Notibras

Bater o martelo de justiça mal feita é avalizar a injustiça

A prisão de um ex-presidente da República é um fato que transcende a figura do indivíduo. Não se trata apenas de uma biografia marcada por processos ou sentenças, mas de um acontecimento que projeta sua sombra sobre a imagem internacional do país e sobre a própria confiança interna nas instituições. É inevitável que a detenção de quem já exerceu o mais alto cargo da nação se converta em símbolo, seja para demonstrar força da lei, seja para expor as fragilidades do sistema judicial.

Há quem sustente que a prisão de um presidente seria demonstração de maturidade democrática. A narrativa é sedutora: ninguém estaria acima da lei. Contudo, na prática, essa leitura é simplista. O que deveria ser um gesto de afirmação do Estado de Direito frequentemente se transforma em espetáculo, com efeitos danosos para a percepção externa do país e para a coesão interna. Não se trata de blindar ex-presidentes de sua responsabilidade jurídica, mas de reconhecer que, quando o processo é mal conduzido, a justiça deixa de cumprir sua função e se converte em injustiça.

O Brasil já viveu esse dilema. Luiz Inácio Lula da Silva permaneceu mais de 500 dias encarcerado. Sua liberdade foi restabelecida não porque tivesse sido absolvido, mas porque o Supremo Tribunal Federal reconheceu que seu julgamento não havia respeitado os ritos e garantias processuais devidos. A anulação não apaga a suspeita de erros, mas evidencia que a pressa ou a contaminação política nos julgamentos corroem o sentido de justiça. A consequência foi paradoxal: Lula, depois de preso, voltou a se candidatar e reassumiu a Presidência, com as cicatrizes de um processo falho marcando não apenas sua trajetória, mas a credibilidade das instituições que o julgaram.

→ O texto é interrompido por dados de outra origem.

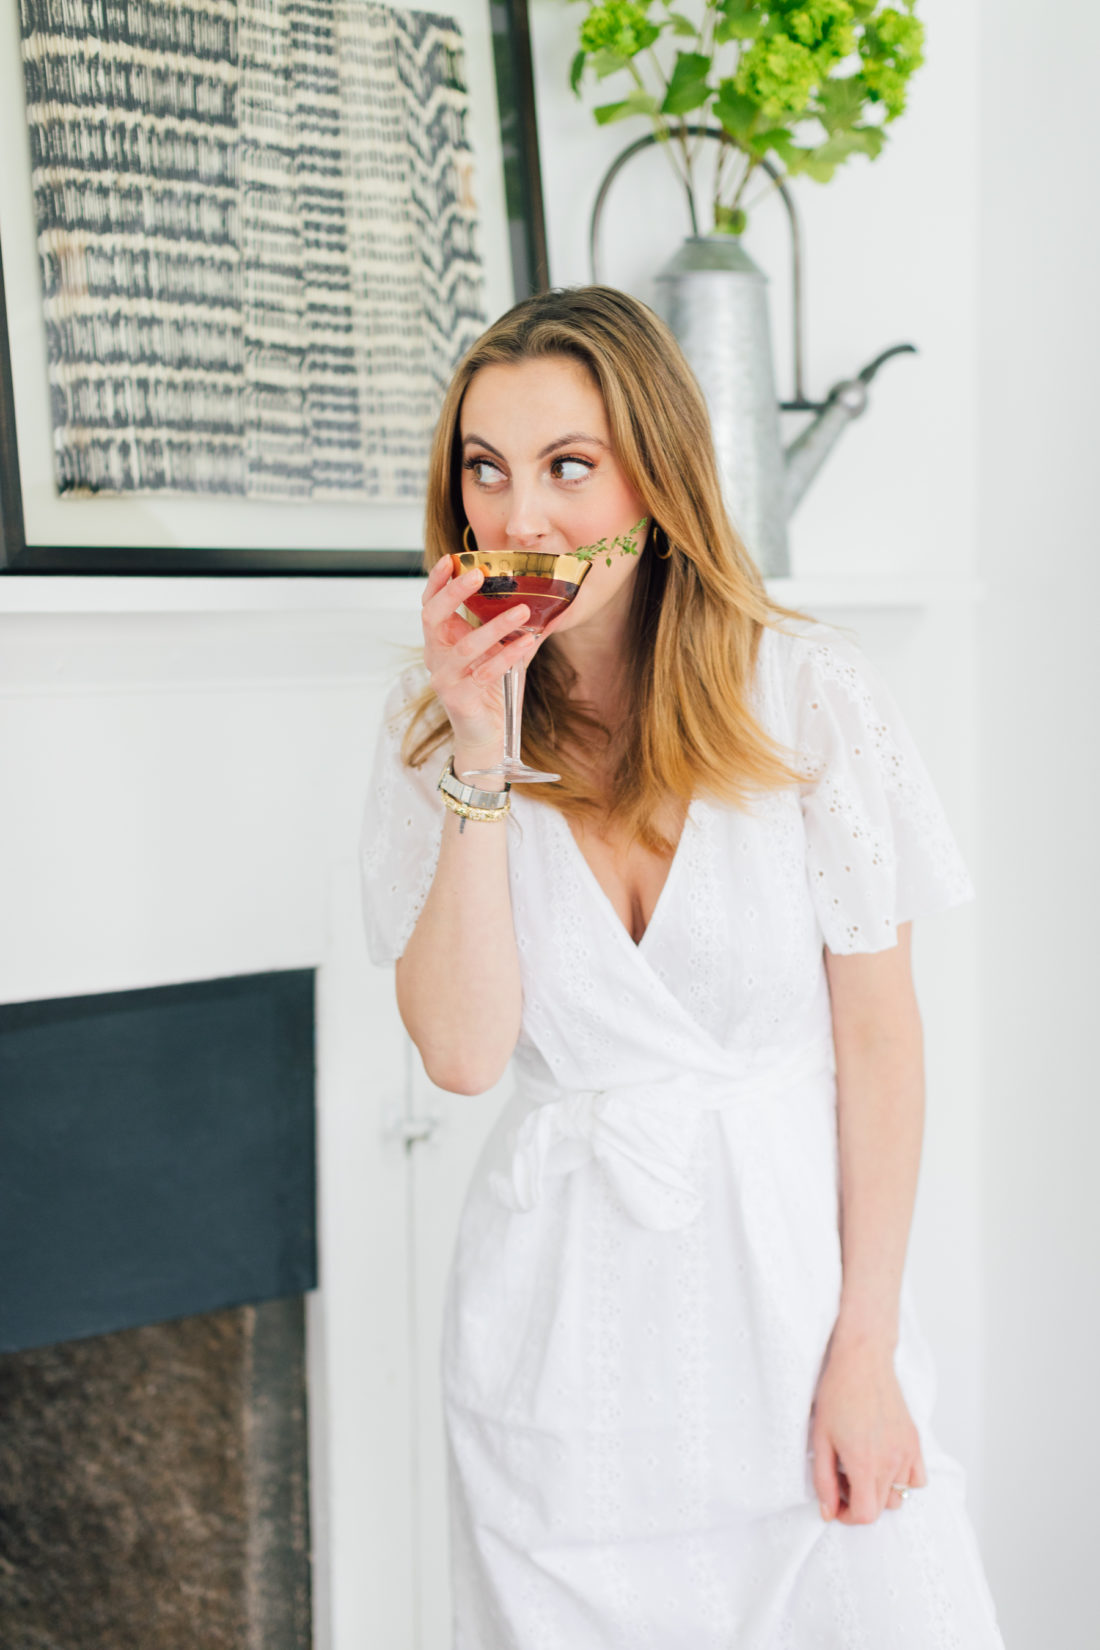 Eva Amurri Martino of Happily Eva After shares her Mommy Juice Cocktail for Mother's Day

Hoje, assiste-se a fenômeno semelhante com Jair Bolsonaro e integrantes de seu núcleo político. Independentemente das convicções individuais sobre sua conduta, a questão que se coloca é se os julgamentos têm obedecido à técnica, à legalidade e às garantias constitucionais. Quando o Judiciário parece ceder ao clamor político ou midiático, instala-se a percepção de politização da Justiça e isso é corrosivo. Não há democracia sólida onde as cortes se transformam em arenas de disputa ideológica.

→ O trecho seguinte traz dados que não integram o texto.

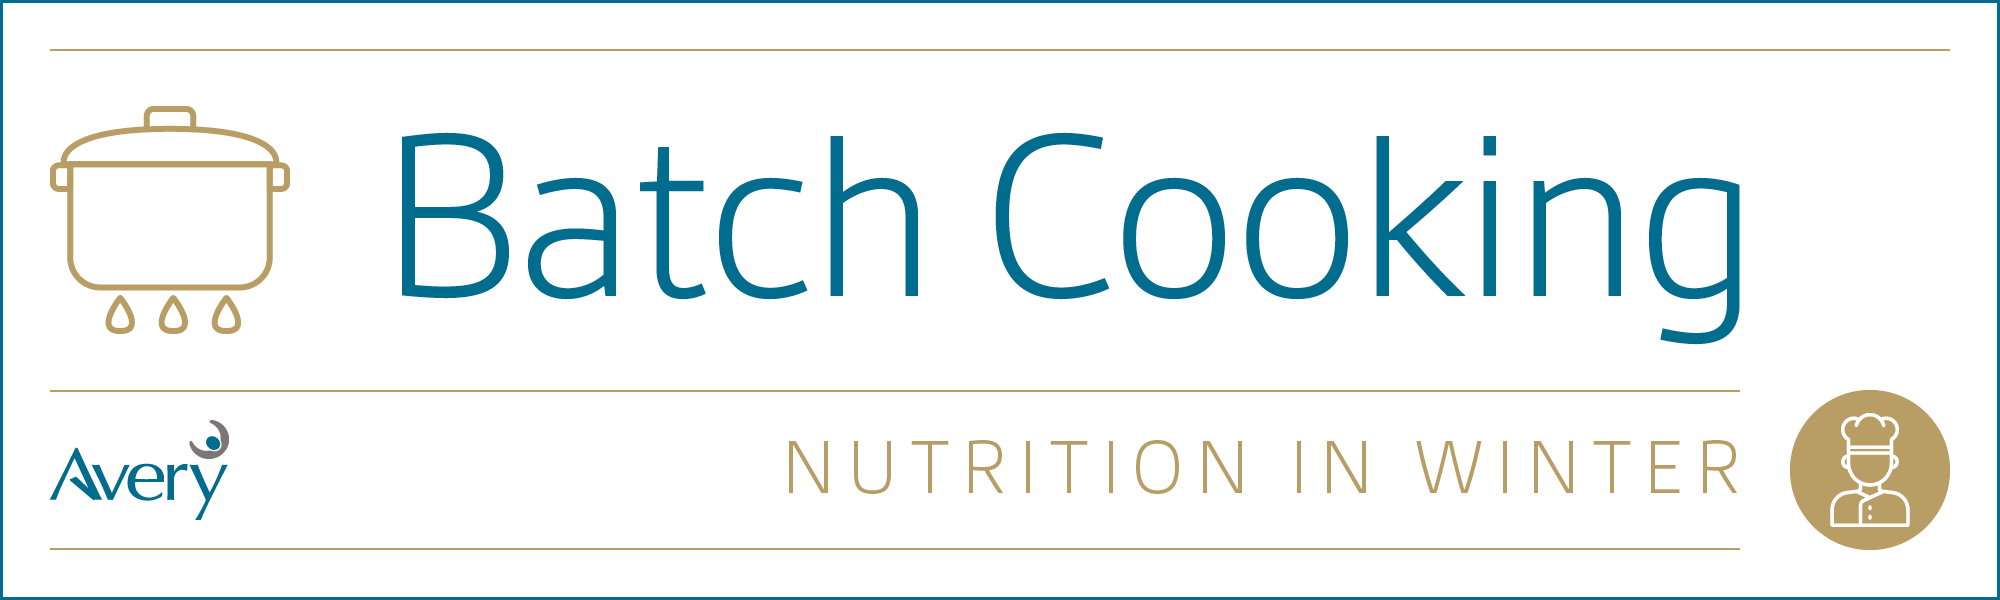 Nutrition in Winter Batch Cooking Banner

A justiça mal feita, ainda que movida pela intenção de punir culpados, é sempre uma injustiça. Quando se atropelam prazos, quando se flexibilizam regras probatórias, quando se confundem instâncias, o resultado é a fragilização da própria ideia de imparcialidade. É esse o ponto crucial: não se discute se ex-presidentes podem ou não ser responsabilizados. Devem sê-lo, quando há provas robustas e julgamento regular. O que está em jogo é a forma. Sem ritos e sem respeito à lei, o que se produz é instabilidade, não justiça.

É necessário compreender que a democracia se apoia em instituições sólidas, capazes de julgar até os mais poderosos sem se contaminar por paixões políticas. Se o processo contra Lula mostrou a falência de uma operação judicial que confundiu justiça com militância, o processo contra Bolsonaro e aliados expõe risco semelhante. A história não perdoa esses desvios: a posteridade não verá líderes condenados ou libertos, mas países que falharam em aplicar justiça de modo equilibrado.

A prisão de um presidente da República, quando não amparada por um processo exemplar, arranha a imagem do país perante o mundo. O que poderia ser visto como prova de responsabilidade institucional converte-se em evidência de instabilidade. A democracia não se mede pela quantidade de presidentes encarcerados, mas pela capacidade de julgar com serenidade, sem ceder a pressões, e de aplicar a lei de modo igualitário. É essa a medida da maturidade democrática.